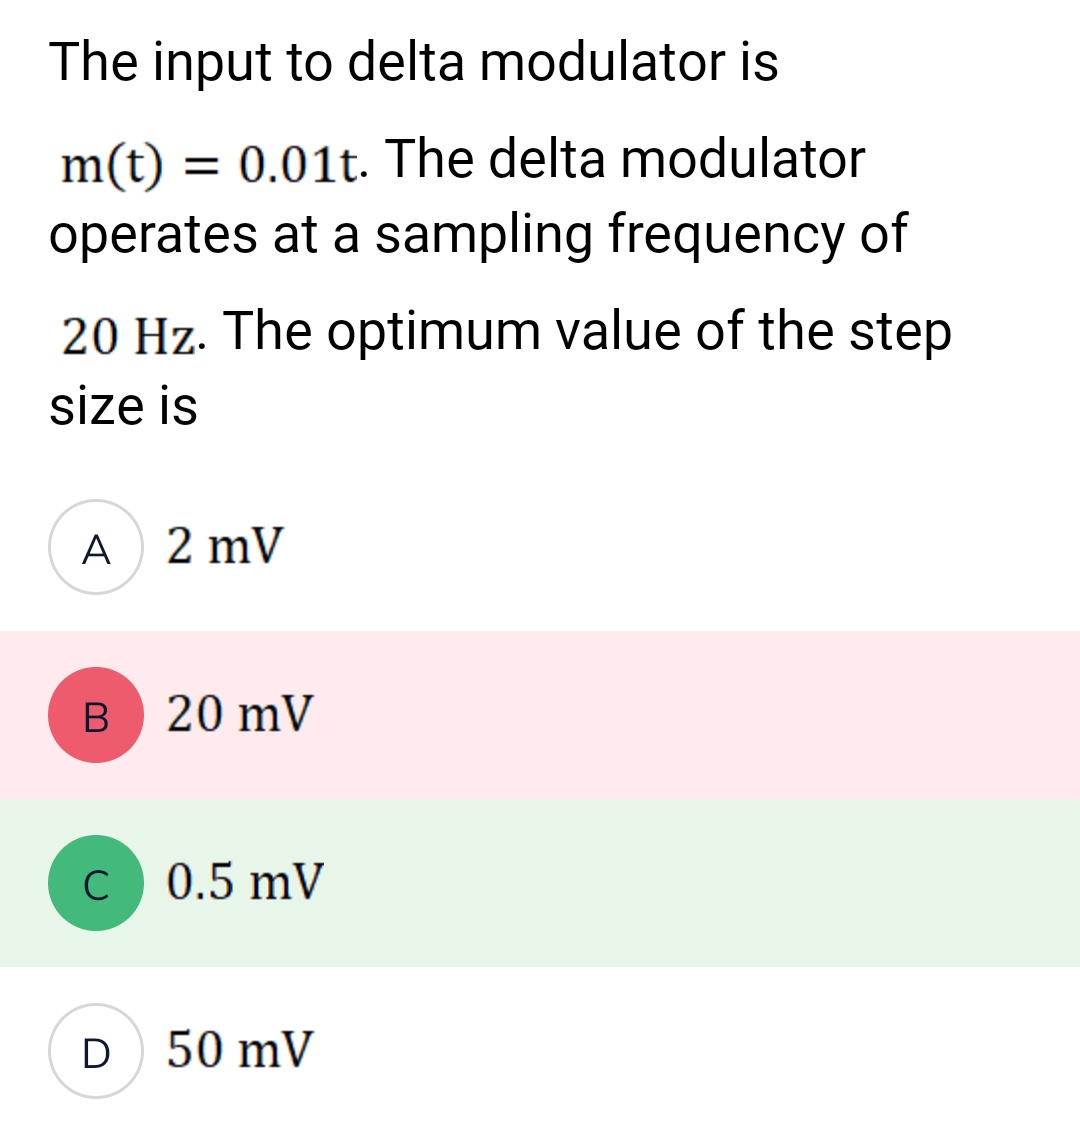 The input to delta modulator is
m(t) = 0.01t. The delta modulator
operates at a sampling frequency of
20 Hz. The optimum value of the step
size is
A 2 mV
B
C
D
20 mV
0.5 mV
50 mV
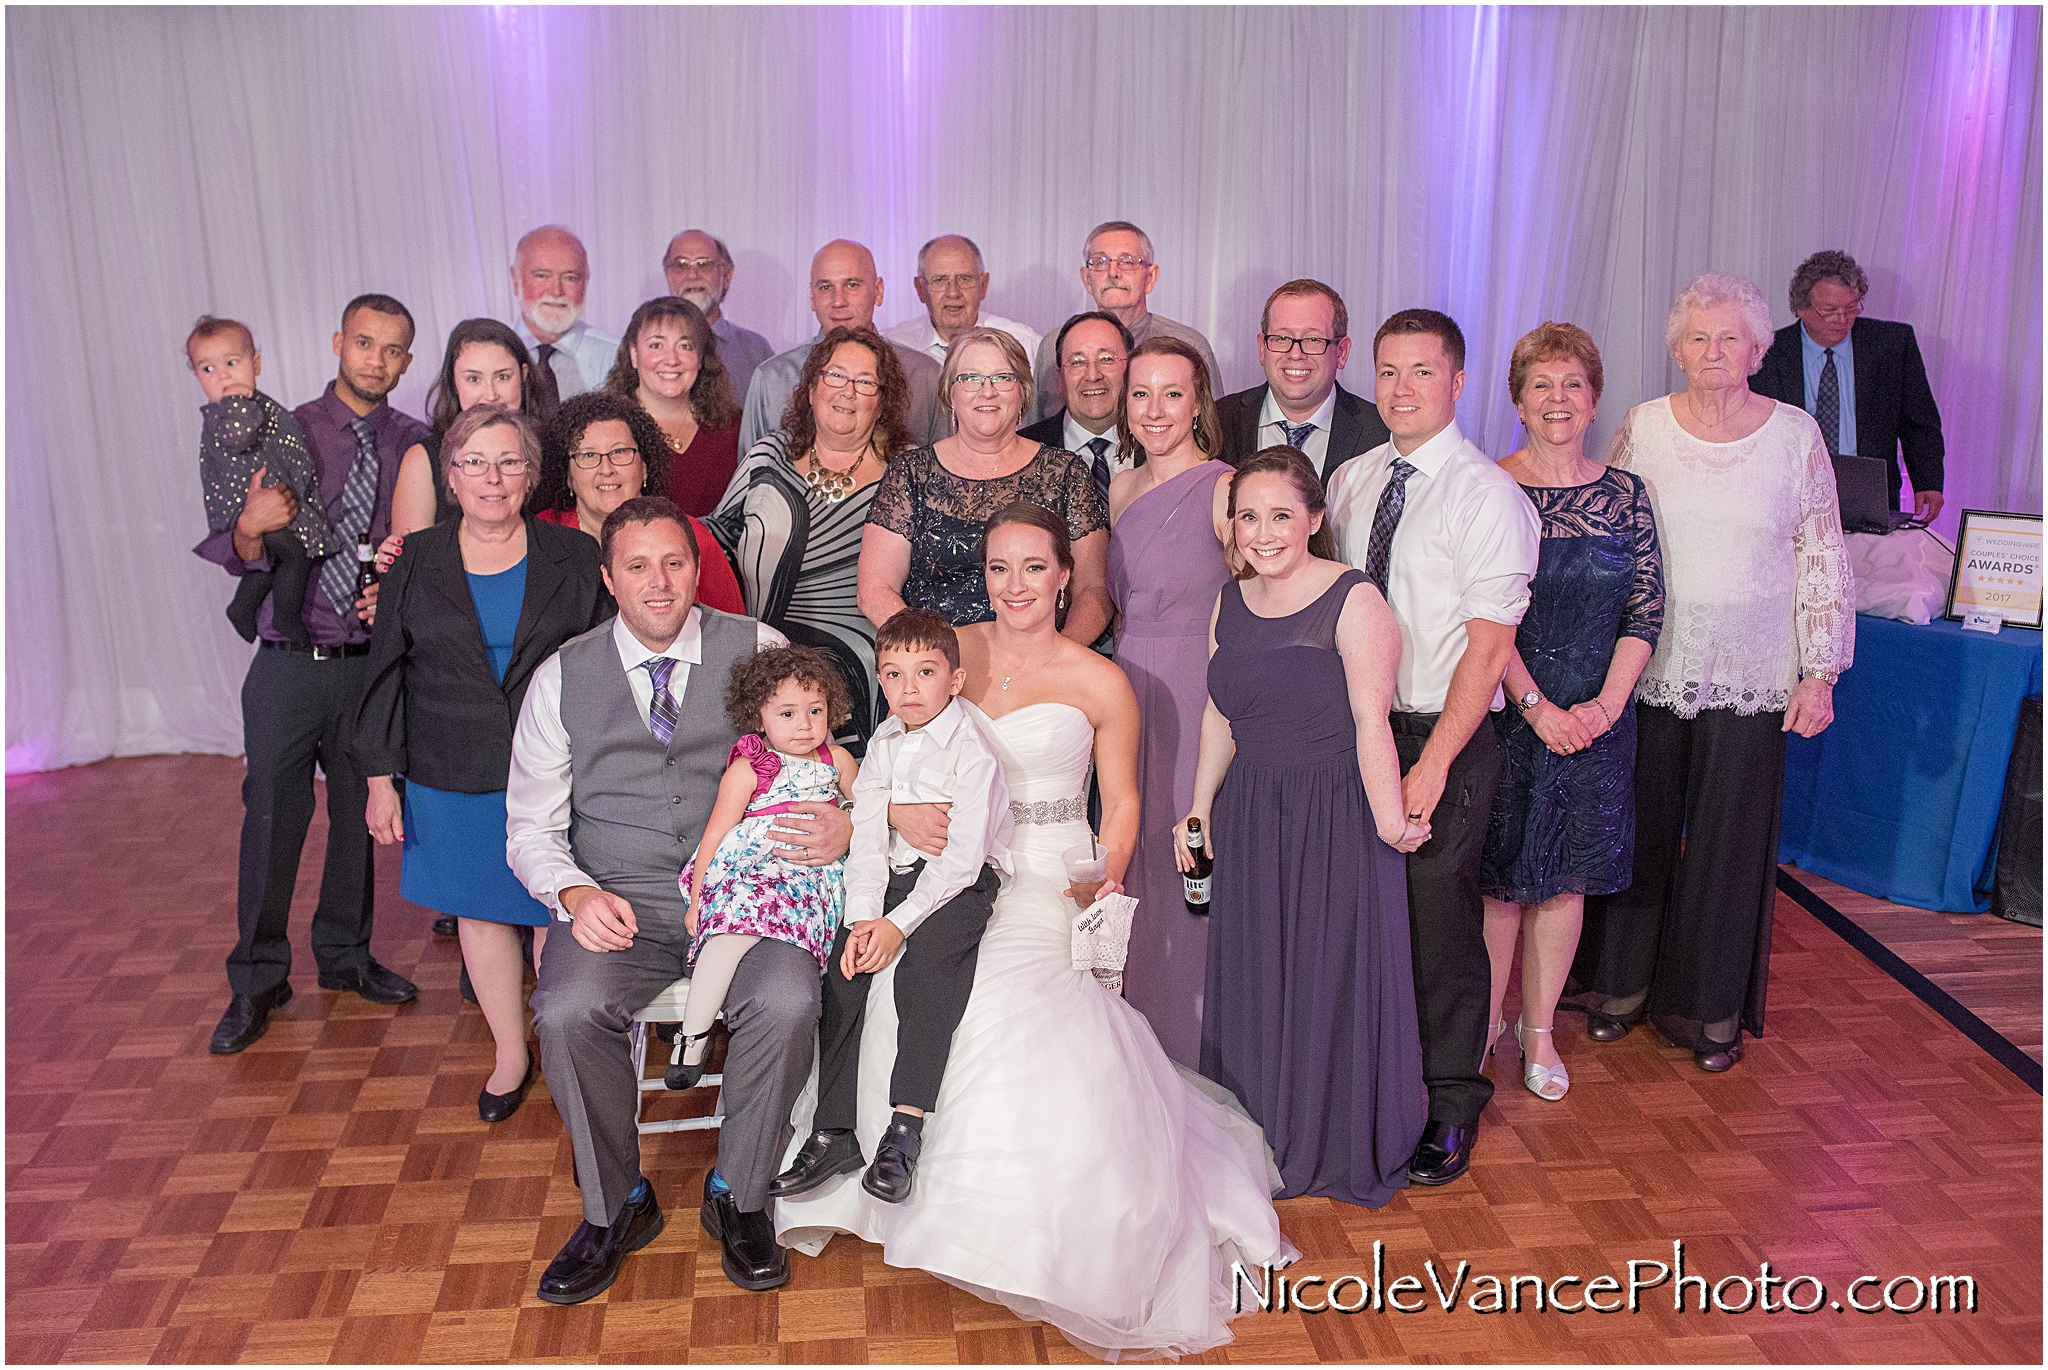 Extended family photo during the wedding reception at the Brownstone.
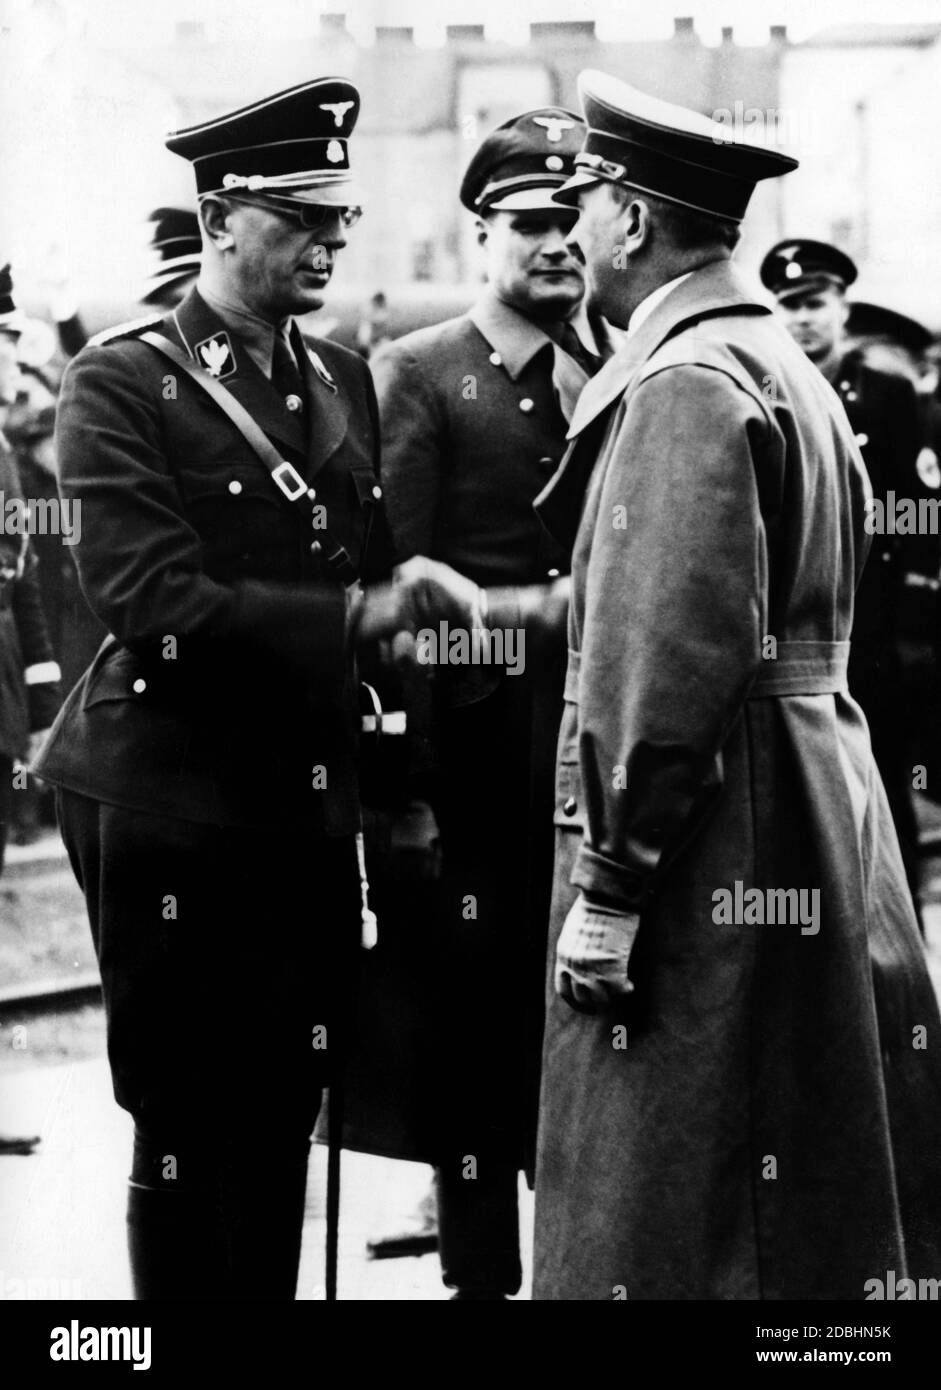 Adolf Hitler welcomes Arthur Seys-Inquart in the uniform of an SS-Gruppenfuehrer. He had received this rank as a formality after joining the NSDAP on March 13, 1938. Between them is presumably Hans Frank. Stock Photo
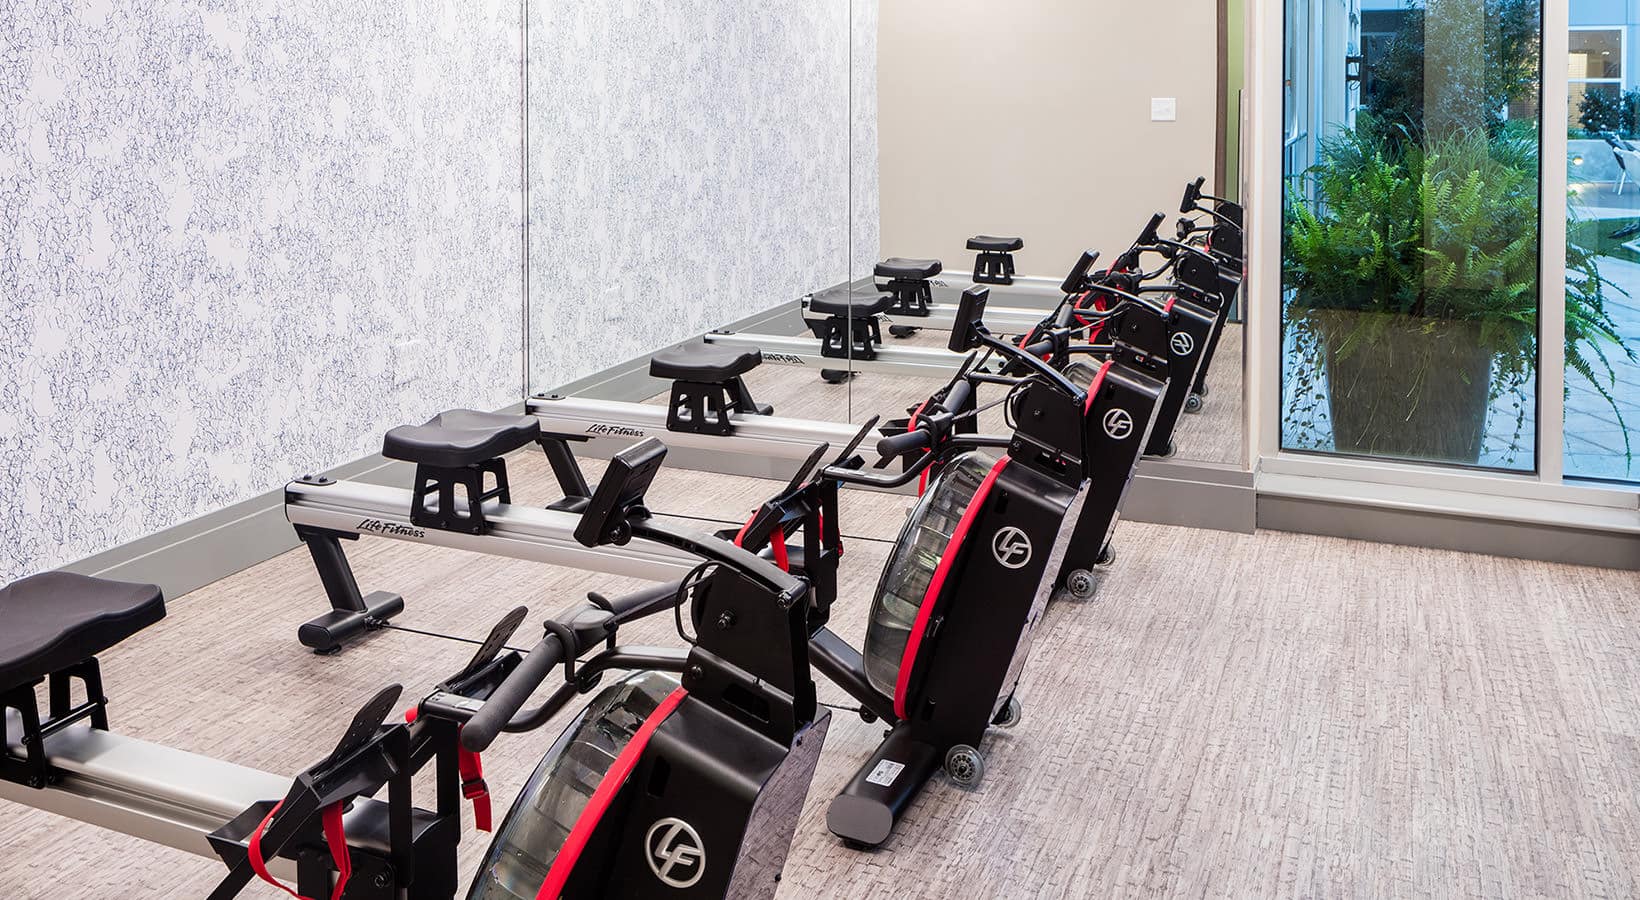 fitness area with row of equipment for working out
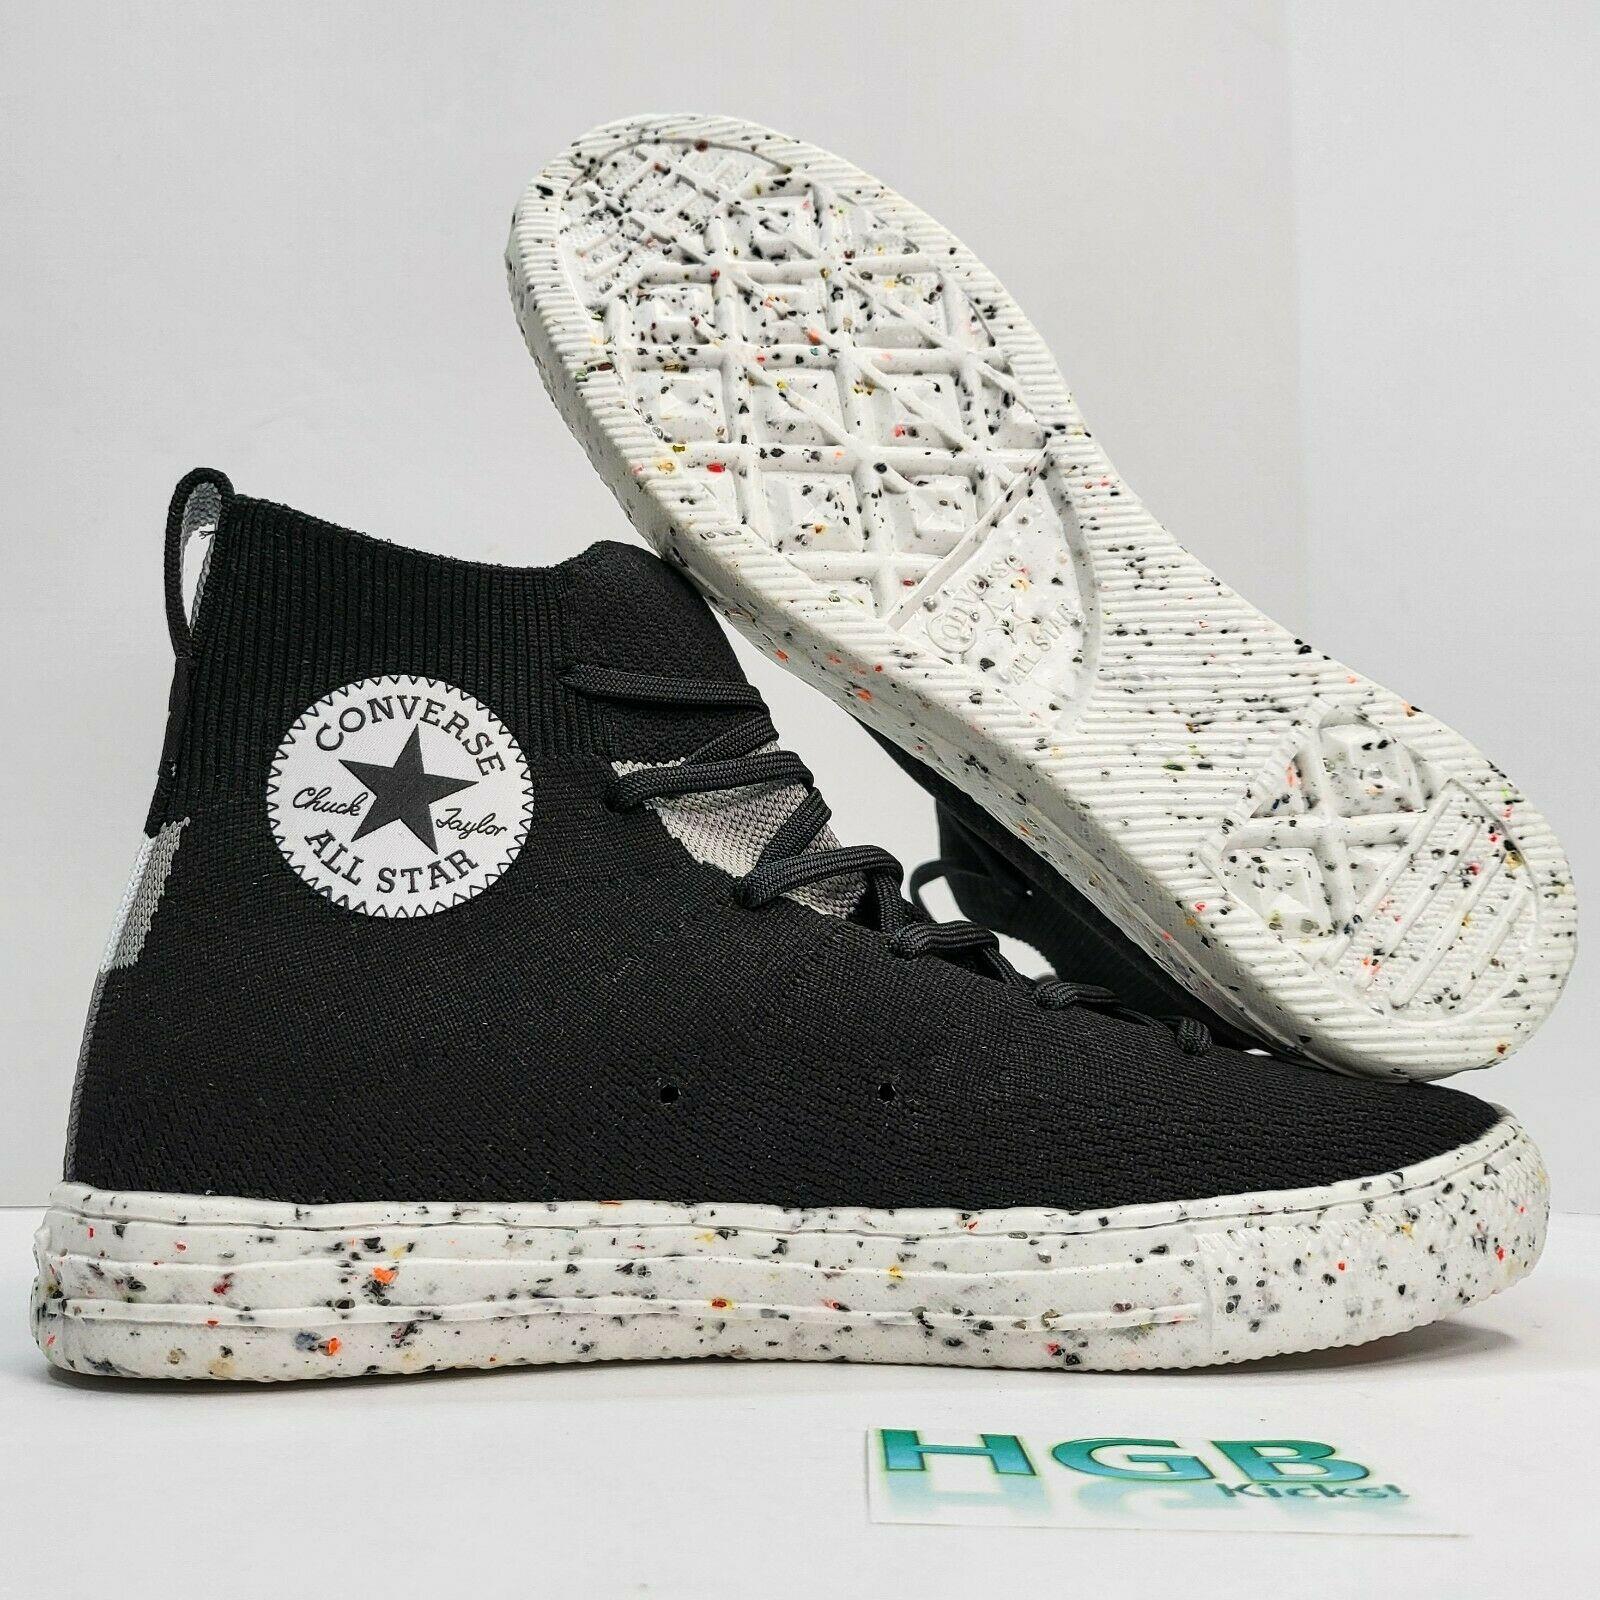 Converse Chuck Taylor All Star Crater Knit Hi Men`s Sneaker Shoe Limited 170868C

####################

* [DESCRIPTION OF THE TASK]:
Wherever a picture appears in the data, please drop it and retype the rest exactly.

* [SOLUTION TO THE EXERCISE]:
 The input to delta modulator is
m(t) = 0.01t. The delta modulator
operates at a sampling frequency of
20 Hz. The optimum value of the step
size is
A 2 mV
B
C
D
20 mV
0.5 mV
50 mV
 Extended family photo during the wedding reception at the Brownstone.
 Adolf Hitler welcomes Arthur Seys-Inquart in the uniform of an SS-Gruppenfuehrer. He had received this rank as a formality after joining the NSDAP on March 13, 1938. Between them is presumably Hans Frank. Stock Photo
 fitness area with row of equipment for working out
 Converse Chuck Taylor All Star Crater Knit Hi Men`s Sneaker Shoe Limited 170868C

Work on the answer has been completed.